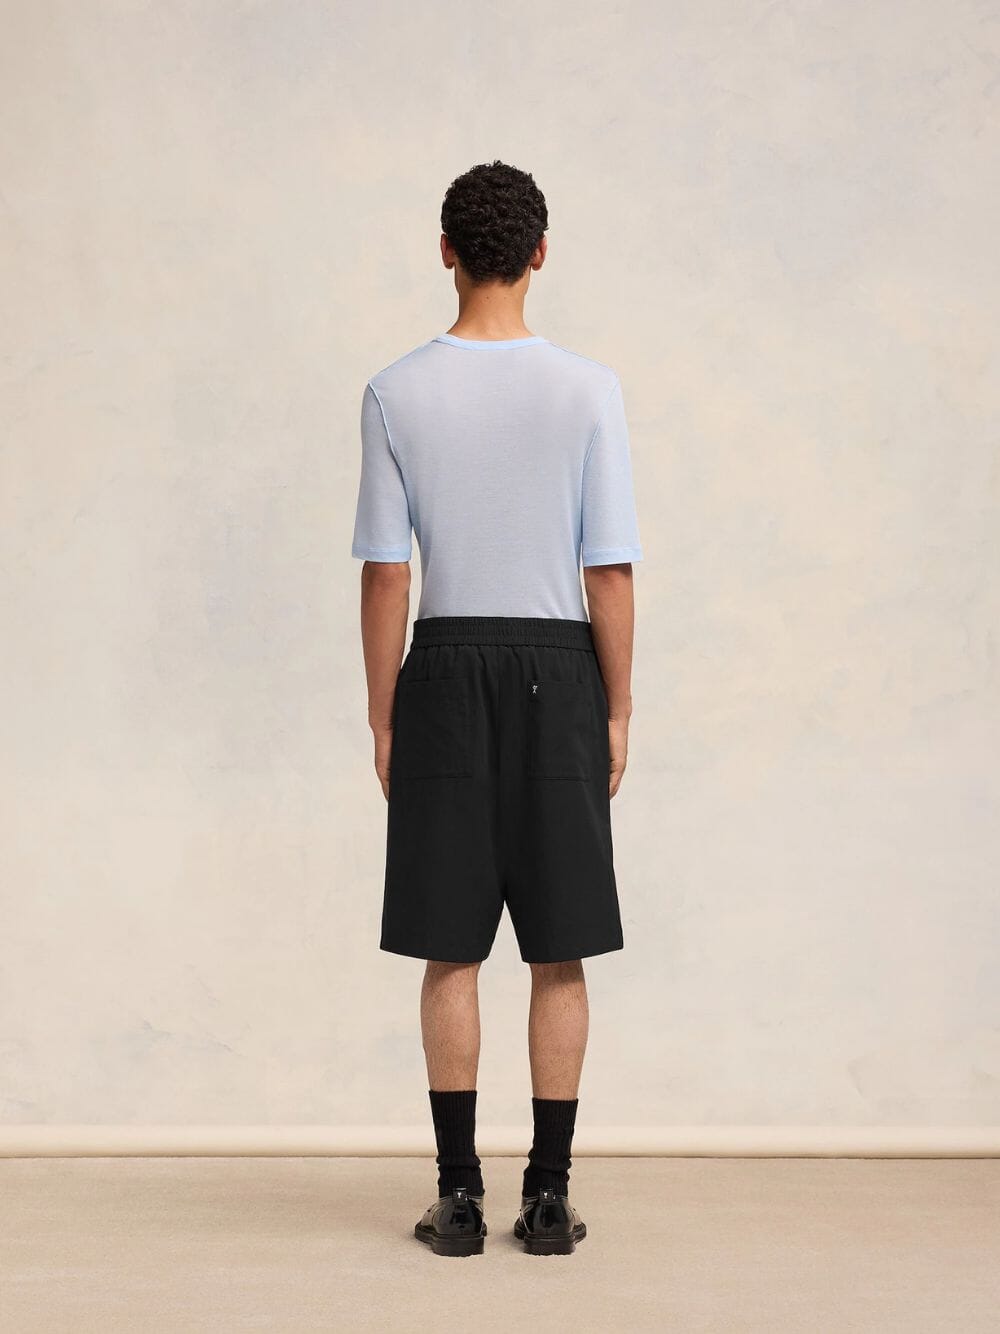 Elasticated Waist Black Bermuda Shorts
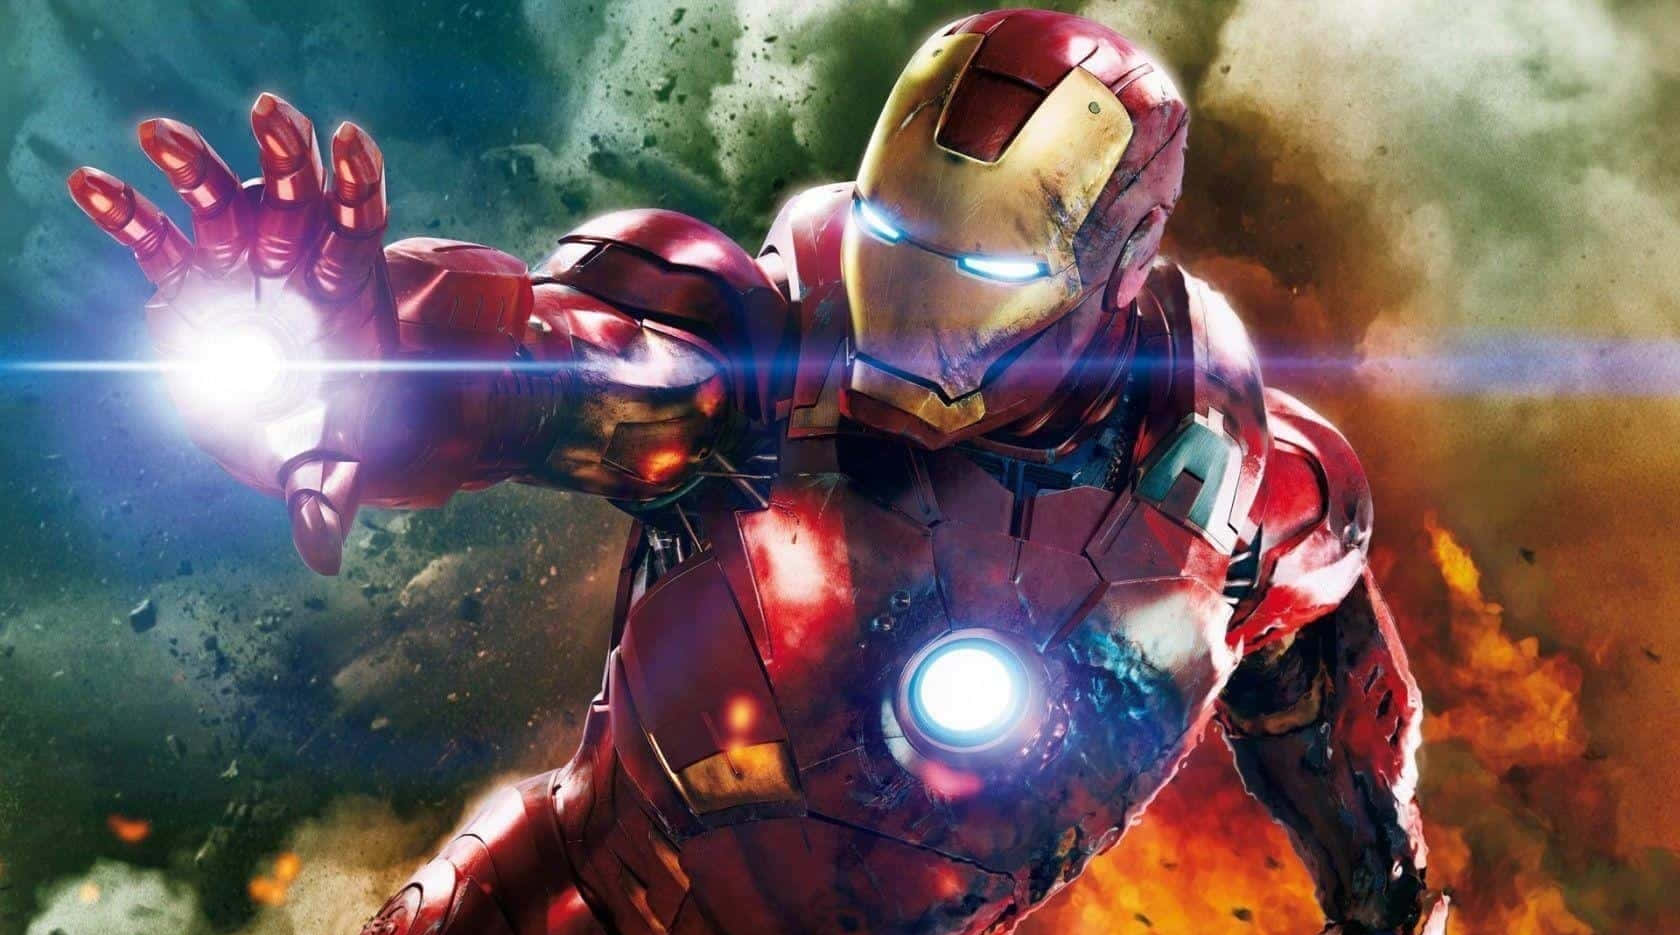 Iron Man 3 brings Tony Stark's revolutionary suit of armor to the big screen. Wallpaper
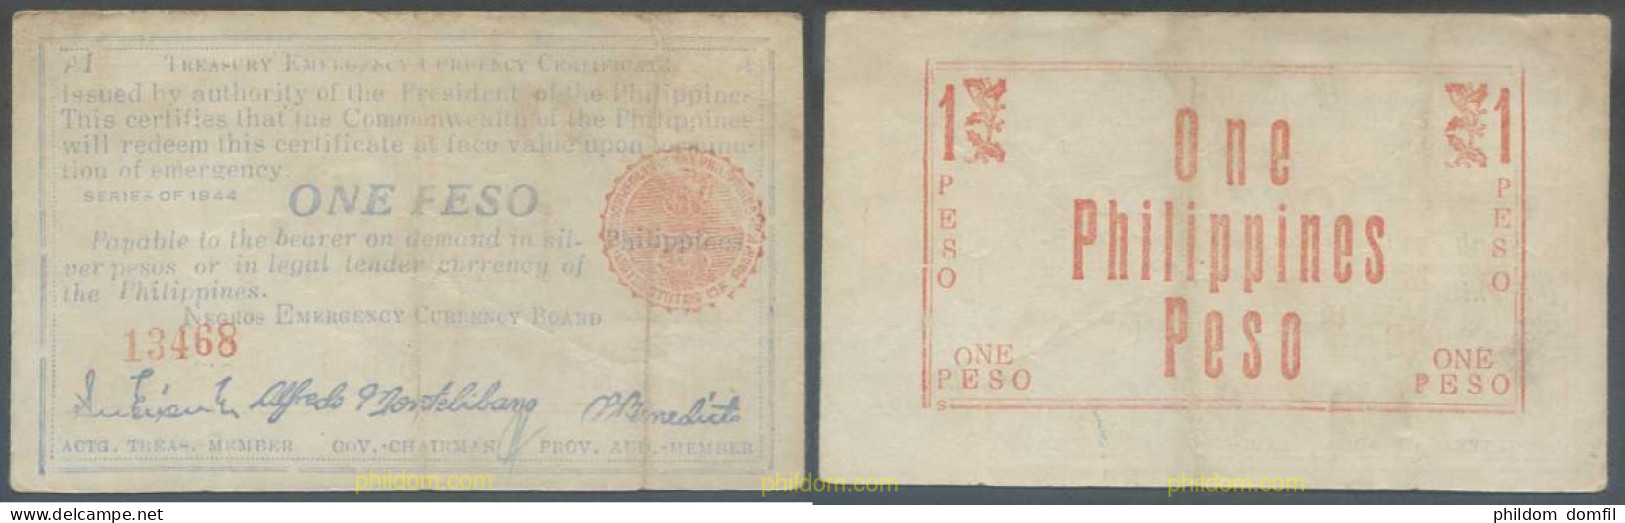 5894 FILIPINAS 1944 PHILIPPINES 1 PESO 1944 - Filipinas

== Your objective ==
With the pictures left out, write out all of the data exactly.

== Solved problem ==
 Elasticated Waist Black Bermuda Shorts
 Iron Man 3 brings Tony Stark's revolutionary suit of armor to the big screen. Wallpaper
 5894 FILIPINAS 1944 PHILIPPINES 1 PESO 1944 - Filipinas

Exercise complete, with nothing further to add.